It’s Kentucky Derby time again, and Nick Zito is looking toward the winner’s circle as always. Not for himself, though. For the sport.

These are dark days for thoroughbred racing.

Hardly any of the news leading up to Saturday’s Run for the Roses has been good. And with no clear-cut favorite, the upcoming Triple Crown series has an unsettled feeling to it.

Zito can’t win this time because he has no starter in the field, but he hopes whoever does "goes into the winner’s circle and preaches the good of the sport.”

"I would like to see something nice happen — and something nice might happen,” he says.

Thoroughbred racing fans would probably like that, too, particularly since most of the sport’s recent headlines have been more heartwrenching than heartwarming:

→ Owner-breeder Ernie Paragallo was arrested and charged with cruelty to animals for neglecting 177 thoroughbreds on his farm in upstate New York.

→ Jeff Mullins, who trains early Derby favorite I Want Revenge, was fined and suspended for illegally injecting another of his horses in a security barn in New York.

→ The co-owners of two-time horse of the year Curlin were convicted of scamming millions of dollars from clients who won settlements in the fen-phen diet drug scandal.
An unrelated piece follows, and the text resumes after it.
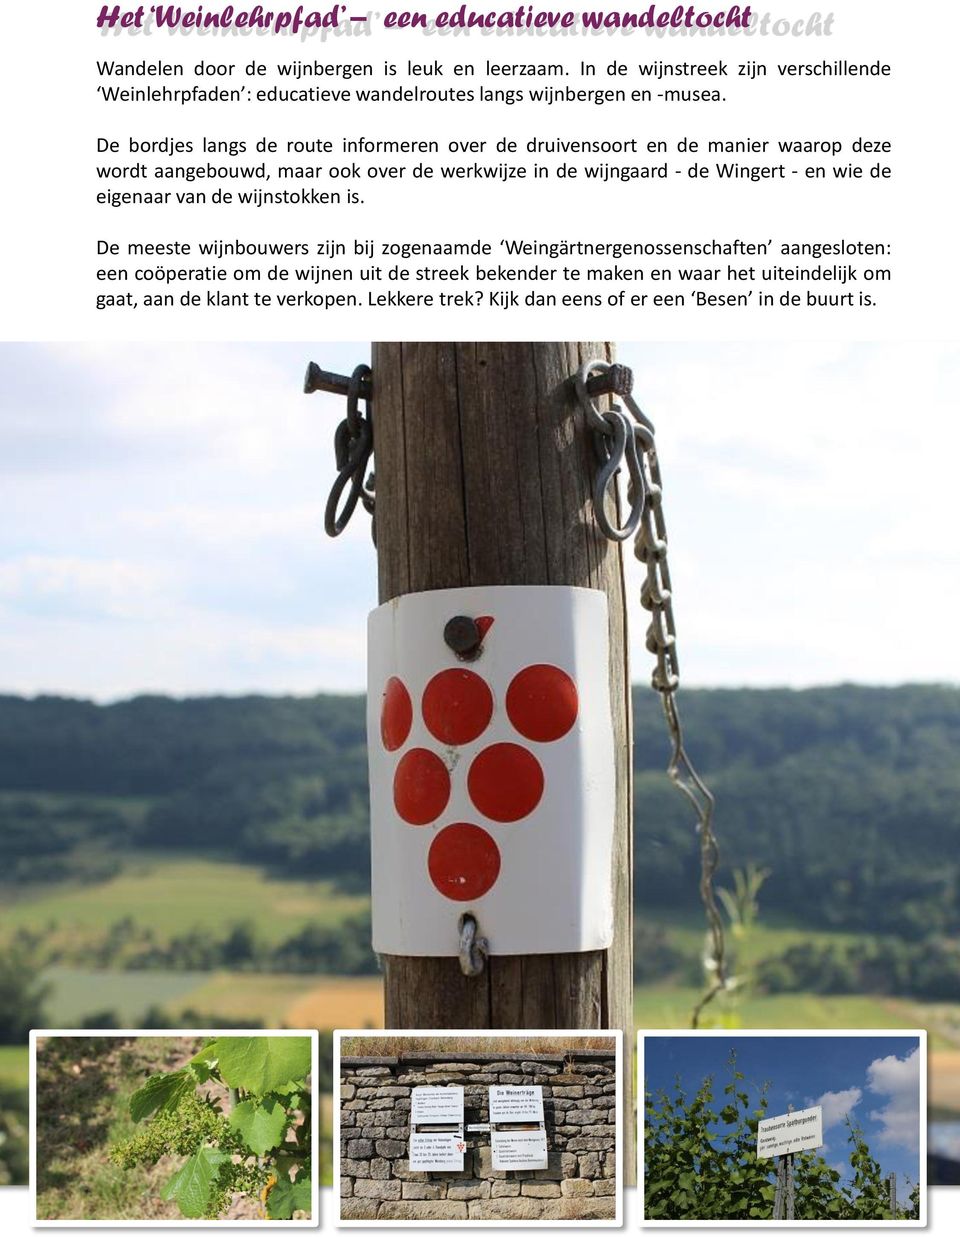 De bordjes langs de route informeren over de druivensoort en de manier waarop deze wordt aangebouwd, maar ook over de werkwijze in de wijngaard - de Wingert - en

Each faces more than 100 years in prison.

→ Magna Entertainment Corp., the largest racetrack owner in the U.S., filed for bankruptcy in March.

It’s against this backdrop that the 135th Derby will be raced, with an expected field of 20 colts bucking to wear the roses at Churchill Downs.

Though the more than 30 prep races since January failed to produce an overwhelming favorite for the 1 1/4-mile Derby, there are a handful of standouts.

Bob Baffert, three-time Derby winner, will saddle Pioneerof the Nile, who is unbeaten in four starts under Baffert. The white-haired trainer is seeking his first trip to the Derby winner’s circle since 2002.

"You need a lot of luck and you have to be doing great that week,” he said. "You may have the best horse, but if he doesn’t break well or something happens, that’s what makes the Derby so intriguing.”